Notably, both macular and peripapillary average RNFL thinning were independently associated with cardiovascular risk in European and Chinese populations. Moreover, the inclusion of RNFL thickness improved the reclassification abilities for CVD events over the classic FRS prediction model. Given the non-invasive nature of OCT and the high adherence rate of regular eye examination, RNFL thickness assessment from a single “eye-check” is an attractive alternative for assessing cardiovascular risk in the primary healthcare screening. In the community optometric practice, cases of RNFL thinning, unexplained by glaucoma, diabetic retinopathy, or other ocular conditions [19] should have concomitant cardiovascular risk factors considered and be considered for referral and further cardiovascular or neurological investigations. This measure is instructive in the early identification of patients with compromised cardiovascular health, translating to timely interventions targeting modifiable CVD risk factors, such as controlling hypertension, quitting tobacco and alcohol, regulating blood sugar and lipids, and moderately increasing physical activities [58, 59]. However, we should point out that the additive NRI of 21.8% was mainly based on the small sample with incident cardiovascular events.

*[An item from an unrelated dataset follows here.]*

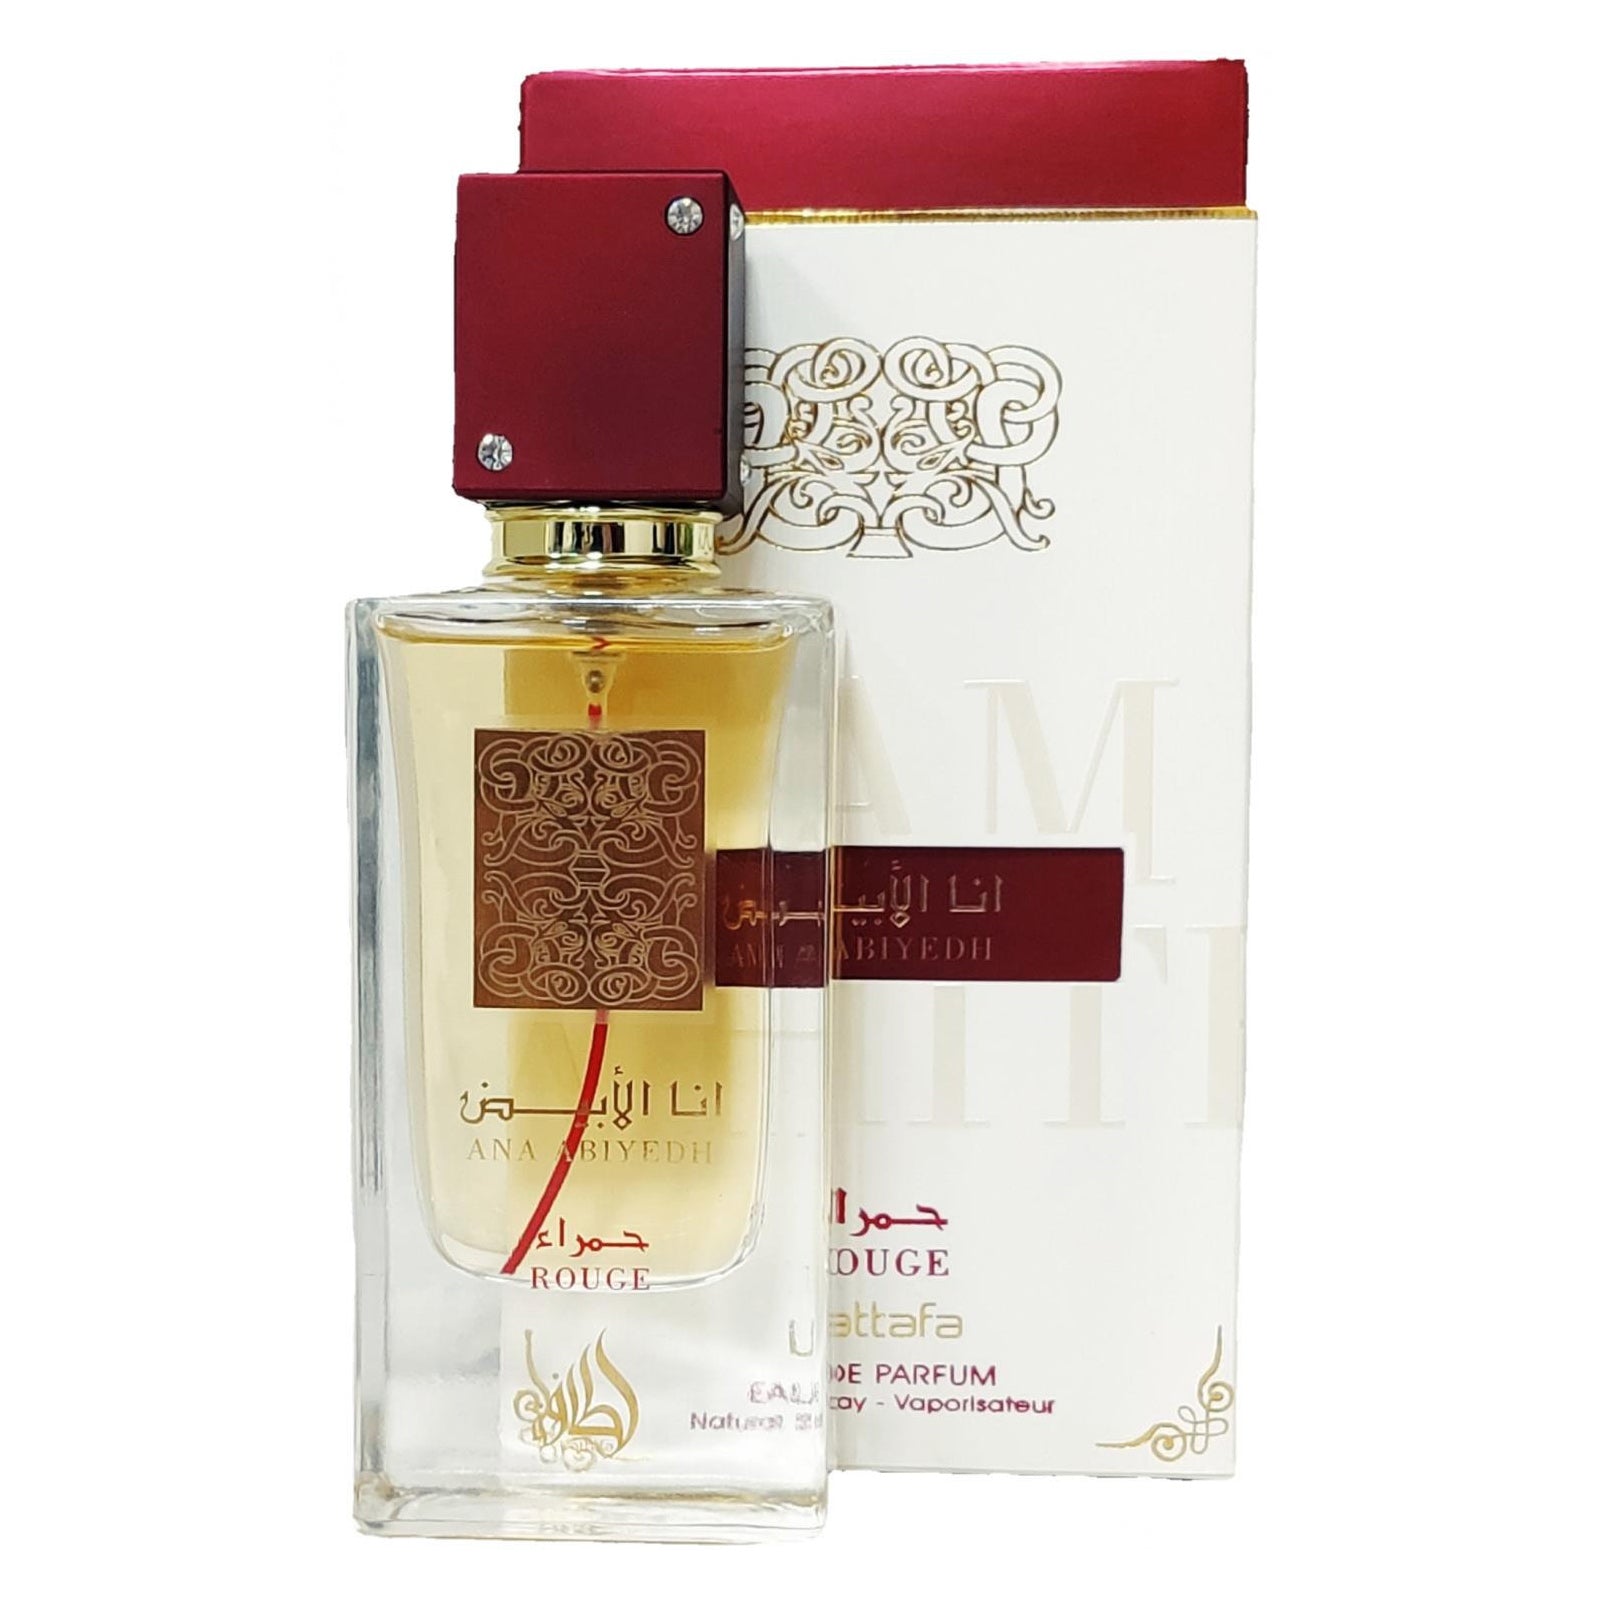 Eau de parfum Ana Abiyedh Rouge – Lattafa Perfumes

Twenty-one out of 29 patients with cardiovascular events could not be reclassified with the novel prediction model yet and the absolute NRI was 2.0%. Despite the improved prediction by the addition of pRNFL thickness, the small sample size may limit the power effect and more evidence from large-scale longitudinal studies is of necessity. Besides, further studies are needed to determine the cutoff value of reduced RNFL thickness in different age, sex groups for cardiovascular risk. This also includes more work to estimate the cost-effectiveness and acceptability of OCT application in community screenings.

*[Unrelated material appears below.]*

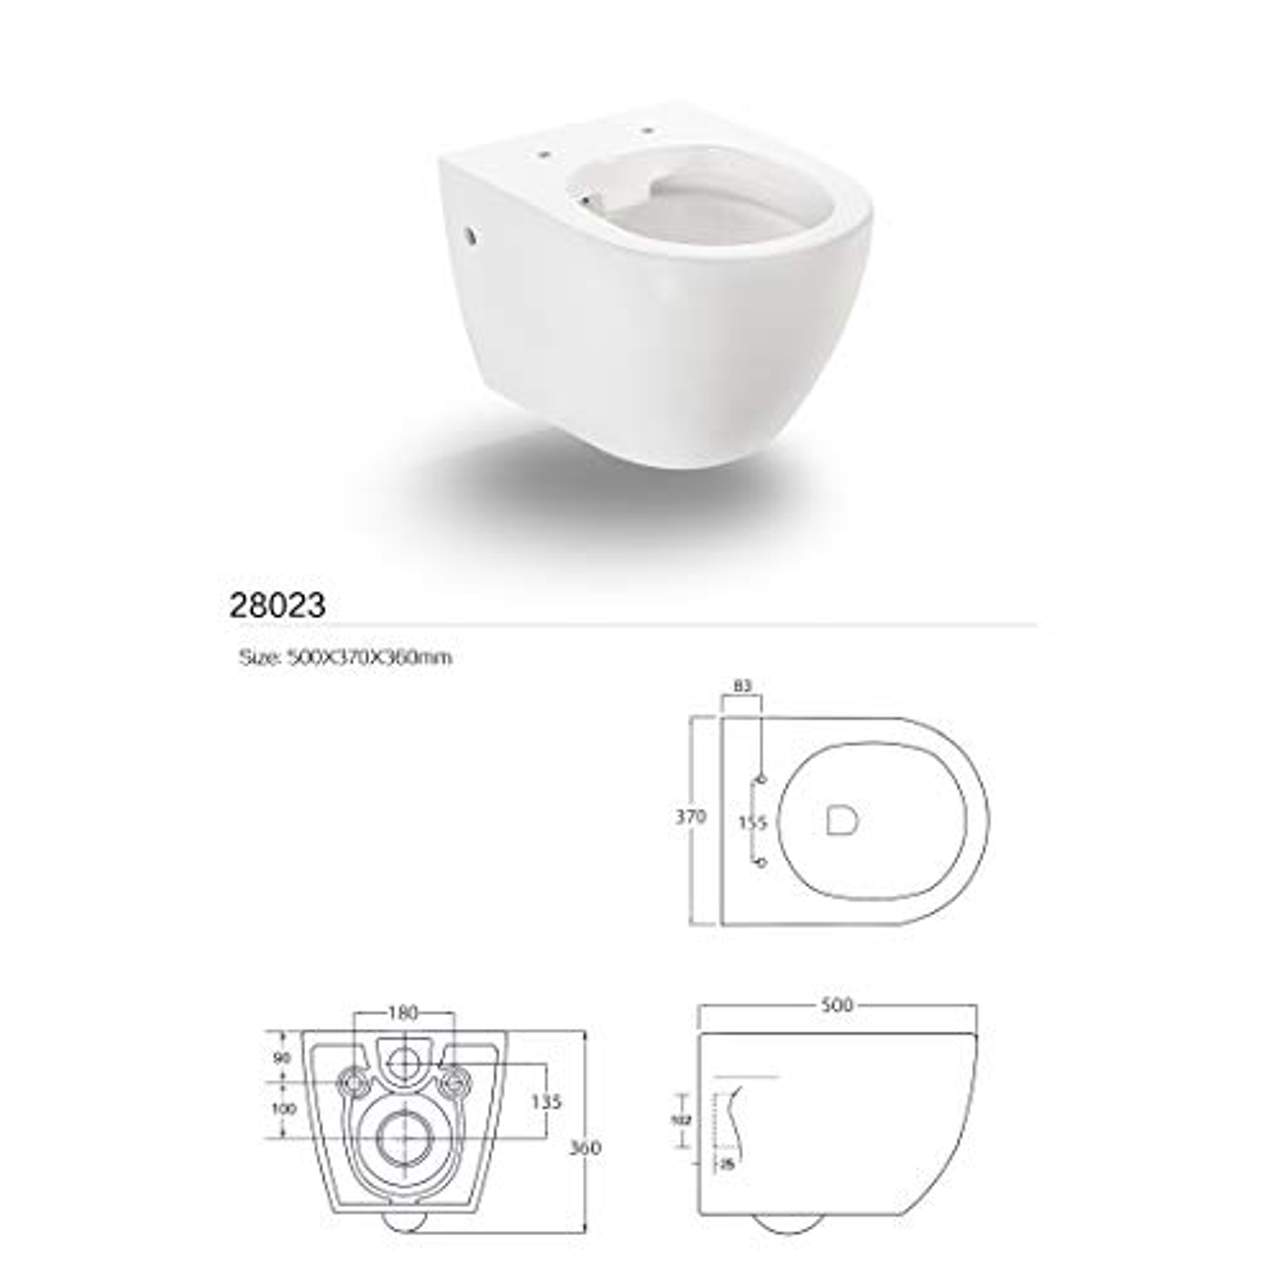 ADOB spülrandlose WC Keramik Nanoversiegelung Hänge WC Toilette

To the best of our knowledge, this is the first prospective study to investigate the association between RNFL thickness and incident CVD events. The major strengths of this study were its large sample size, the relatively long follow-up period of nearly 8 years, the prospective design of two cohorts for comprehensive analysis of RNFL thickness within the macula and peripapillary regions and the rigorous findings after adjustments for numerous covariates. Furthermore, we have verified the generalization of our findings in European and Chinese ethnicities, in general and diabetic populations, and with different RNFL assessment devices (SD-OCT or SS-OCT). Nevertheless, we also acknowledged the limitations in this study. First, given that the incidence rates of each single cardiovascular event were low, the endpoint in our analysis was the total CVD burden combining incident coronary heart disease, heart failure, and stroke. Further studies are warranted to investigate the association between RNFL thickness and the specific CVD outcomes and further validate our findings. Second, although a wide range of demographic, lifestyle, and medication factors were adjusted, many covariates were self-reported, and thus, residual confounding possibly remains. Third, the association of RNFL thickness with the progression, treatment response, and prognosis of CVD could not be interpreted in the present study, which requires further clarification. Fourthly, despite the improved reclassification ability by the inclusion of pRNFL thickness over FRS, the sample size with incident CVD events was relatively small (only 29 patients) which may limit the statistical power. Future prospective studies with larger cardiovascular events sample are required to verify the prognostic value of RNFL thickness.

In conclusion, RNFL thinning quantified by OCT were independent risk factors for CVD occurrence and improved reclassification capability, indicating RNFL thickness as a potential retinal fingerprint for cardiovascular events screening. Further prospective studies are needed to explore the predictive value of RNFL thickness for cardiovascular events progression, prognosis, and treatment response and to elucidate the possible biological mechanisms.